Kunstmuseum Den Haag

Een stel leeuwen

Delft, 1765-1768

De twee plastieken van naar elkaar gerichte, zittende leeuwen zijn met een op de rug gekrulde start gemodelleerd. De dieren zijn geplaatst op een ovaal voetstuk met een eenvoudige randversiering van bladmotieven. Een ander plastiekje van een staande koe is eveneens met het fabrieksmerk van Halder gesigneerd (cat.tent. Praha 1973, 97, nr. 117).

Afgezien van de invloed van het Meissen porselein (vanaf circa 1730), ontleenden de Delftse producenten hun vormen van menselijke en dierlijke figuurtjes al veel eerder aan Oosters porseleinen voorbeelden. Vanaf de tweede helft van de zeventiende eeuw werden massaal porseleinen beeldjes geïmporteerd. Daarbij bevonden zich naast eenden en papegaaien ook honden, paarden en het op een leeuw-achtige hond gelijkende fabeldier shishi. Met een vroege vermelding (1662) van twee ‘porceleijner leeutgens’ in een boedelinventaris van een Delftse inwoner zullen dan ook wellicht Oosters porseleinen exemplaren zijn bedoeld.

De leeuw, als verdediger van de wet en symbool van vrede en rust, zien we veelvuldig afgebeeld op Delftse voorwerpen die wel worden aangeduid met de term Oranje-ceramiek.
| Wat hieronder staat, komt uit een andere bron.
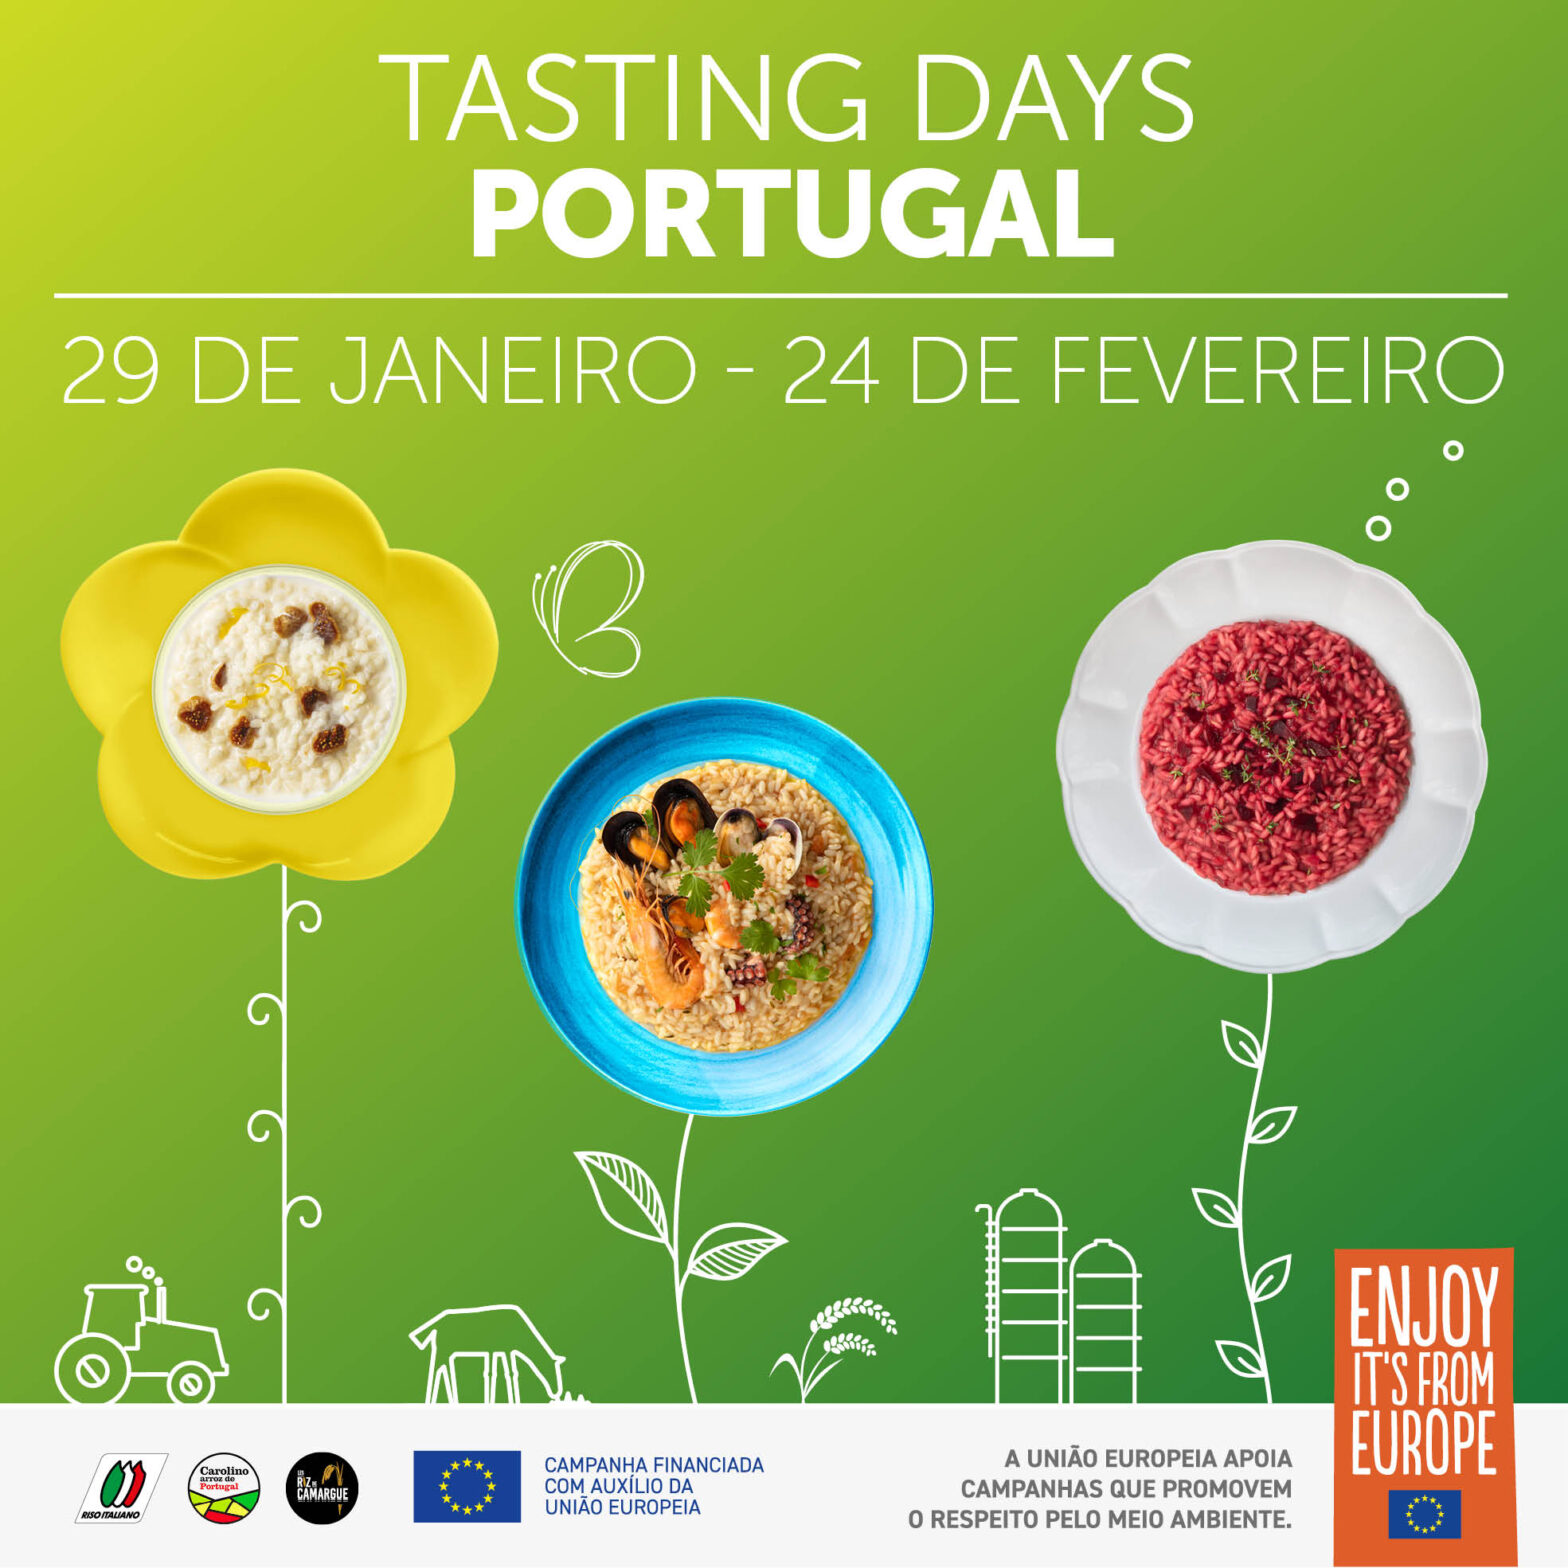 Testing days Portugal -29 de Janeiro-24 de fevereiro

Daarbij verwijst men naar de Oranjes die in de vaderlandse geschiedenis zo’n belangrijke rol hebben gespeeld. Het Oranje-wapen met de klimmende leeuw is bijvoorbeeld afgebeeld op een 1675 gedateerde dekselpot in de collectie van het Gemeentemuseum Arnhem (Van Gekder 1955, pl. XXXIX, afb.3). Het vooralsnog vroegst bekende faience voorbeeld is een 1655 gedateerd bord in de collectie Edwin van Drecht (Scholten 1993, 192, afb.173). Daarop werd de jonge prins Willem III (1650-1702) als kind geportretteerd. De Delftse traditie van Oranje-ceramiek zet zich voort in de achttiende eeuw getuige de vele objecten die behalve het Oranje-wapen dikwijls de portretten tonen van de stadhouders en hun familie.
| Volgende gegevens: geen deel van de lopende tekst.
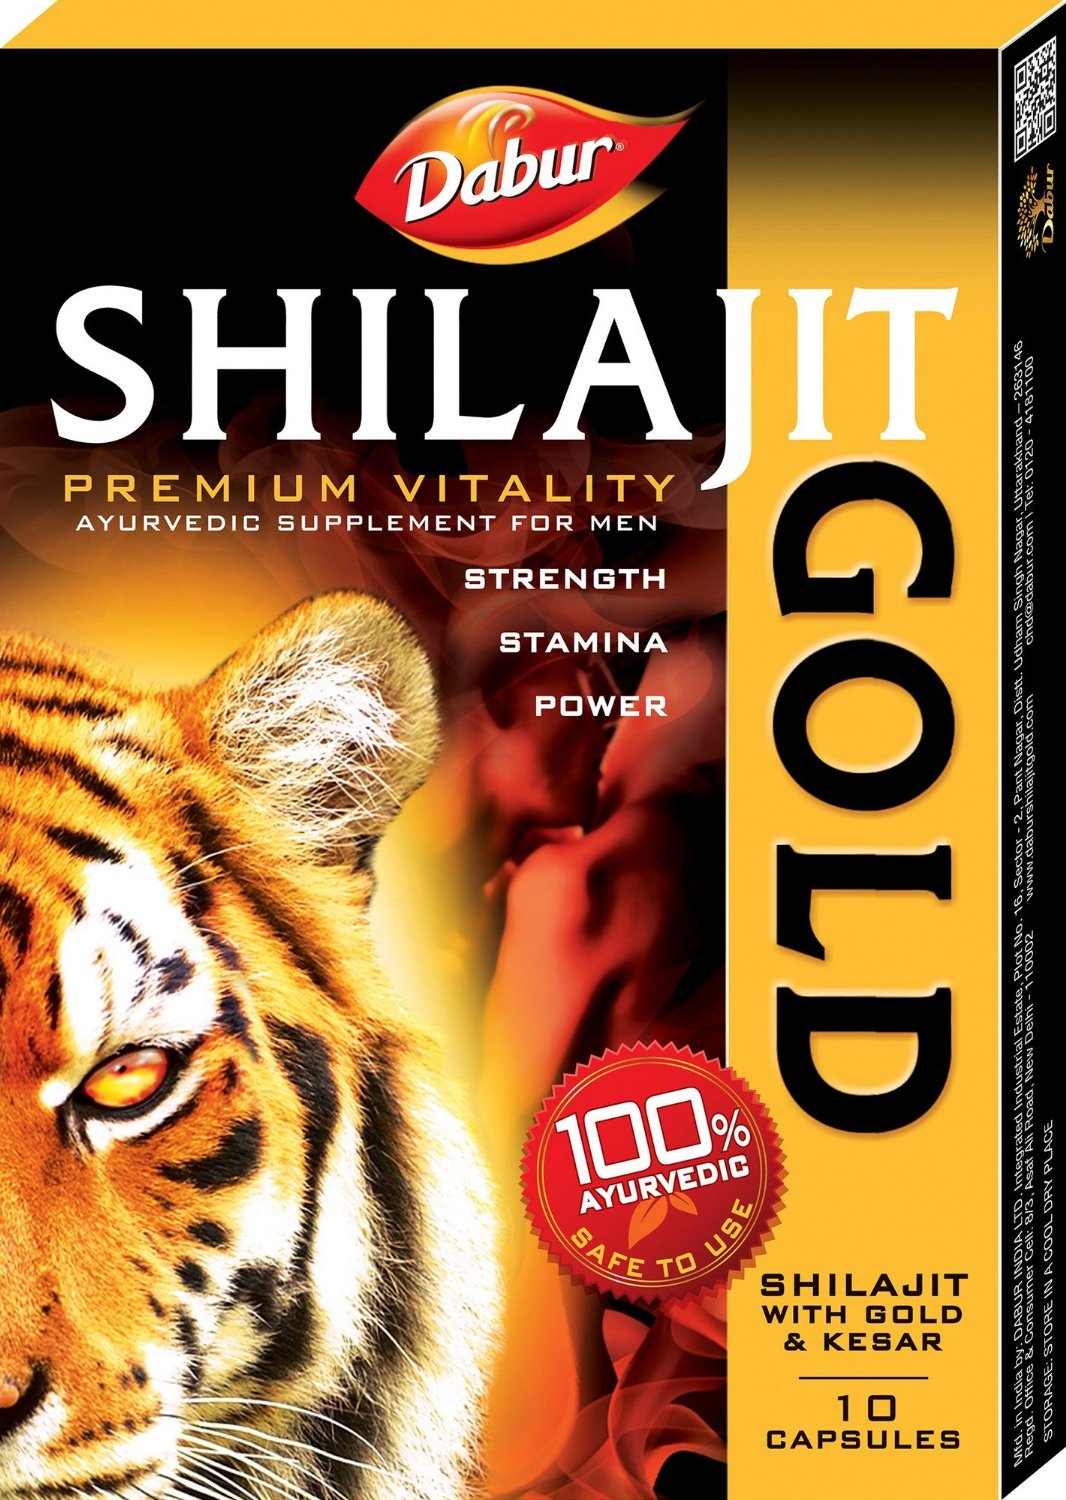 Shilajit Gold strip pack

Daarnaast werden vanaf de jaren negentig van de zeventiende eeuw plastiekjes in de vorm van een leeuw geproduceerd. Zij zijn dikwijls liggend gemodelleerd en vormen als zodanig het voetstuk van bijvoorbeeld een bloemenhouder, zoals het met het monogram van Willem III versierde exemplaar op Paleis Het Loo (Erkelens 1996, 77-80, nr.10). Ook het hier besproken stel leeuwtjes is ongetwijfeld verbonden met de Oranjes. Het werd geproduceerd in een periode waarin prins Willem V (1748-1806) zich voorbereidde op het stadhouderschap. Immers in 1766 werd hij meerderjarig en stadhouder van de Verenigde Provinciën.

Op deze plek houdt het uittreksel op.